→ Task item
Lines to restate from the data below: from the one containing "Mappa delle possibili" to the one containing "Mooibet En güvenilir", both included. Give them again exactly, and only them.

→ Records from a data source
_ _ _ _ _

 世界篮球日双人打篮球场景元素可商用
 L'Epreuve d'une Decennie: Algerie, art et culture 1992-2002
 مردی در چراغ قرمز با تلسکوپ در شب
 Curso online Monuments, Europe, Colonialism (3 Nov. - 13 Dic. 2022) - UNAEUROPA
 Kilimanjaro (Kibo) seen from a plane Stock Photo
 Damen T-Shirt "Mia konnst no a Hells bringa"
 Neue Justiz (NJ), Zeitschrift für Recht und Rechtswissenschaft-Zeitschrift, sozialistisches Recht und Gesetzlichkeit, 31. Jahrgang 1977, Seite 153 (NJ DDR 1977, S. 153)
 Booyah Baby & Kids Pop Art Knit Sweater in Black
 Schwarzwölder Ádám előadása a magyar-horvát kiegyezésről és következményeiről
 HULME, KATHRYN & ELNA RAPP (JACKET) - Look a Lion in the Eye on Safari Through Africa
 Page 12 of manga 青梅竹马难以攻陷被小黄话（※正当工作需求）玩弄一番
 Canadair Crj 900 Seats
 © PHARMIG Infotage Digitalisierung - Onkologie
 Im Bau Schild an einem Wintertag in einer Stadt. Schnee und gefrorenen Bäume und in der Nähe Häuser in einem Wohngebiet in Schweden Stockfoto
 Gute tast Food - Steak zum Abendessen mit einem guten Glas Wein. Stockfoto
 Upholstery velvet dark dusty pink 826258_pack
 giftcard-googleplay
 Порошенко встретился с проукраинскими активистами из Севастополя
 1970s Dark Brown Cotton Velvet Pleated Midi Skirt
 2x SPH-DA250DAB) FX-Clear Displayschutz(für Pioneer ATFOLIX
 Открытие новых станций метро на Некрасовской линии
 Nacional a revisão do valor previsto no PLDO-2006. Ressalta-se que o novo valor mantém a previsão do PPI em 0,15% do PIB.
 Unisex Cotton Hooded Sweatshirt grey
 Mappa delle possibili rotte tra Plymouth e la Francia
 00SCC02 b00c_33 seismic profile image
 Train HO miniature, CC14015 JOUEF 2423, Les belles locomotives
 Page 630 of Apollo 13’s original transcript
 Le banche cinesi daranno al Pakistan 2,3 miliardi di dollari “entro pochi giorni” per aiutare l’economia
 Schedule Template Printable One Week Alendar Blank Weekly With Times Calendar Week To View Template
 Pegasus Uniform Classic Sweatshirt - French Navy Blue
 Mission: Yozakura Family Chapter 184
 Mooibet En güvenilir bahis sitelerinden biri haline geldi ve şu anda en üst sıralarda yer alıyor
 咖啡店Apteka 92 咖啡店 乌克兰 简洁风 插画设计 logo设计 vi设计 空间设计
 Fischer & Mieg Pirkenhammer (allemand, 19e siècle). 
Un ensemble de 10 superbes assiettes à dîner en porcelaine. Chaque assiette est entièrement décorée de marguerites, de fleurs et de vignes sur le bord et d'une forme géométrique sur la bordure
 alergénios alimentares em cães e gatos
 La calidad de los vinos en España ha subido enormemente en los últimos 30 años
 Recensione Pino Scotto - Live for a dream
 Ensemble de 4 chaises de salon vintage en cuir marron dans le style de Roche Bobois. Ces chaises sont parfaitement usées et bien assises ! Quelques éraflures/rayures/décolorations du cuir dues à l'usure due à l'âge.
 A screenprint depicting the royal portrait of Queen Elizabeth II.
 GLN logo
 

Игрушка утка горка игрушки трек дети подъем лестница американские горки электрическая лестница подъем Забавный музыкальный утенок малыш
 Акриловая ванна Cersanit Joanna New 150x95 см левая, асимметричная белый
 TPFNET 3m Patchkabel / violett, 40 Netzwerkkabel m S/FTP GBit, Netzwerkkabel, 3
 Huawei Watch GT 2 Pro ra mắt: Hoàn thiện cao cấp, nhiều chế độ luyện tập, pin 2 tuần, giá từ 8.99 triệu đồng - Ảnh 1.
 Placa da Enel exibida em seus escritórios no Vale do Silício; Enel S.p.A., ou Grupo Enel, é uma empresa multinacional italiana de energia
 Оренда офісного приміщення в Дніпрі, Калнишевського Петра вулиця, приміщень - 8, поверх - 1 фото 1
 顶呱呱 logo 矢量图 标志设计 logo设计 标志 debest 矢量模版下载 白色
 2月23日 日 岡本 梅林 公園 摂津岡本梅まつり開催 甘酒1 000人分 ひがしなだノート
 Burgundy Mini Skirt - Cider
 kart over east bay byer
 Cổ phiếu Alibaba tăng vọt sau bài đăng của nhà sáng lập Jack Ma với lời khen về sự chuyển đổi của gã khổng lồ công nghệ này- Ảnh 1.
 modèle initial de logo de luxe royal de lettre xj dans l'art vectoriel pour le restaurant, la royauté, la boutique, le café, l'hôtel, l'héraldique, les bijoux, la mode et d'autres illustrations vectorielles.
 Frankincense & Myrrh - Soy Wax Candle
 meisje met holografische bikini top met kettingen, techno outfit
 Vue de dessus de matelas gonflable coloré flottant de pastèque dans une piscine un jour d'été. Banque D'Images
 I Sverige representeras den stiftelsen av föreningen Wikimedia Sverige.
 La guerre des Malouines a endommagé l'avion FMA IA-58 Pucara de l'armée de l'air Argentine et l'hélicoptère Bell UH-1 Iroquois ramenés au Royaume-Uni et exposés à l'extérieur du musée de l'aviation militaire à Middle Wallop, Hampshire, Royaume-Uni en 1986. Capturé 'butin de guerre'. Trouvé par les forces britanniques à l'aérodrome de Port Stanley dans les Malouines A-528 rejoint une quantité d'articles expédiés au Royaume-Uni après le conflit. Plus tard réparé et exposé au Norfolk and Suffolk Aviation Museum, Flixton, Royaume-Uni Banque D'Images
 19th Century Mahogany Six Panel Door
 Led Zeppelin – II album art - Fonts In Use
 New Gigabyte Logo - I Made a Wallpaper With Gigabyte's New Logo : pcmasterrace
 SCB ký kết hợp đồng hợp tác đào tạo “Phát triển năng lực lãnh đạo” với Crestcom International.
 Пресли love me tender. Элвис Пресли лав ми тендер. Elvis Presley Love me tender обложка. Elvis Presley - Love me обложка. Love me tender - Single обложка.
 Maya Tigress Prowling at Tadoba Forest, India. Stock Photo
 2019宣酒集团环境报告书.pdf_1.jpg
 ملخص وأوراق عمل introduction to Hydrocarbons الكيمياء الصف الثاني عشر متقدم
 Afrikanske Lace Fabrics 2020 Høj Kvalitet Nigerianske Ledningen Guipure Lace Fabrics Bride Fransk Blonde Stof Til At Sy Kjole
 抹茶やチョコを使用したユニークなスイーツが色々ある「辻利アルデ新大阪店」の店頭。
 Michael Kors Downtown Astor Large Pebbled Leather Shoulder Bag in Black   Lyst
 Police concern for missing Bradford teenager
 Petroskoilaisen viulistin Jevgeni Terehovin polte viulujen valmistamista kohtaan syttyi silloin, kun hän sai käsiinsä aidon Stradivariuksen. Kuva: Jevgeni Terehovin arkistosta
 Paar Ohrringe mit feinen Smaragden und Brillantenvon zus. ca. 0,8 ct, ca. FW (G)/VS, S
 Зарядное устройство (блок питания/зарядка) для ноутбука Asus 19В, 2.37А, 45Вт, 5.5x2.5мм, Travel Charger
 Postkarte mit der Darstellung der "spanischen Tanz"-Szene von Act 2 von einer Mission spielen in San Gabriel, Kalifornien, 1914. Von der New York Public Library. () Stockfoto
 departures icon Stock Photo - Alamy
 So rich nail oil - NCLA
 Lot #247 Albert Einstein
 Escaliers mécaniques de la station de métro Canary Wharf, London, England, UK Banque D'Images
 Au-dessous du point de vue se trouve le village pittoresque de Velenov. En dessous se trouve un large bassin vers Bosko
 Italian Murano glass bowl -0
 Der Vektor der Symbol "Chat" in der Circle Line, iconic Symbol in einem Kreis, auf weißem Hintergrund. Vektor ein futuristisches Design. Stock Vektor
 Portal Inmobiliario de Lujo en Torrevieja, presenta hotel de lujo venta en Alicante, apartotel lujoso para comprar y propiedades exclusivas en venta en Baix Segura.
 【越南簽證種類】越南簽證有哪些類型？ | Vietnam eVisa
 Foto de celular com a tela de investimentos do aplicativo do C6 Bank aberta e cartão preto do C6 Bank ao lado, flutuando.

_ _ _ _ _

→ Written solution
 Mappa delle possibili rotte tra Plymouth e la Francia
 00SCC02 b00c_33 seismic profile image
 Train HO miniature, CC14015 JOUEF 2423, Les belles locomotives
 Page 630 of Apollo 13’s original transcript
 Le banche cinesi daranno al Pakistan 2,3 miliardi di dollari “entro pochi giorni” per aiutare l’economia
 Schedule Template Printable One Week Alendar Blank Weekly With Times Calendar Week To View Template
 Pegasus Uniform Classic Sweatshirt - French Navy Blue
 Mission: Yozakura Family Chapter 184
 Mooibet En güvenilir bahis sitelerinden biri haline geldi ve şu anda en üst sıralarda yer alıyor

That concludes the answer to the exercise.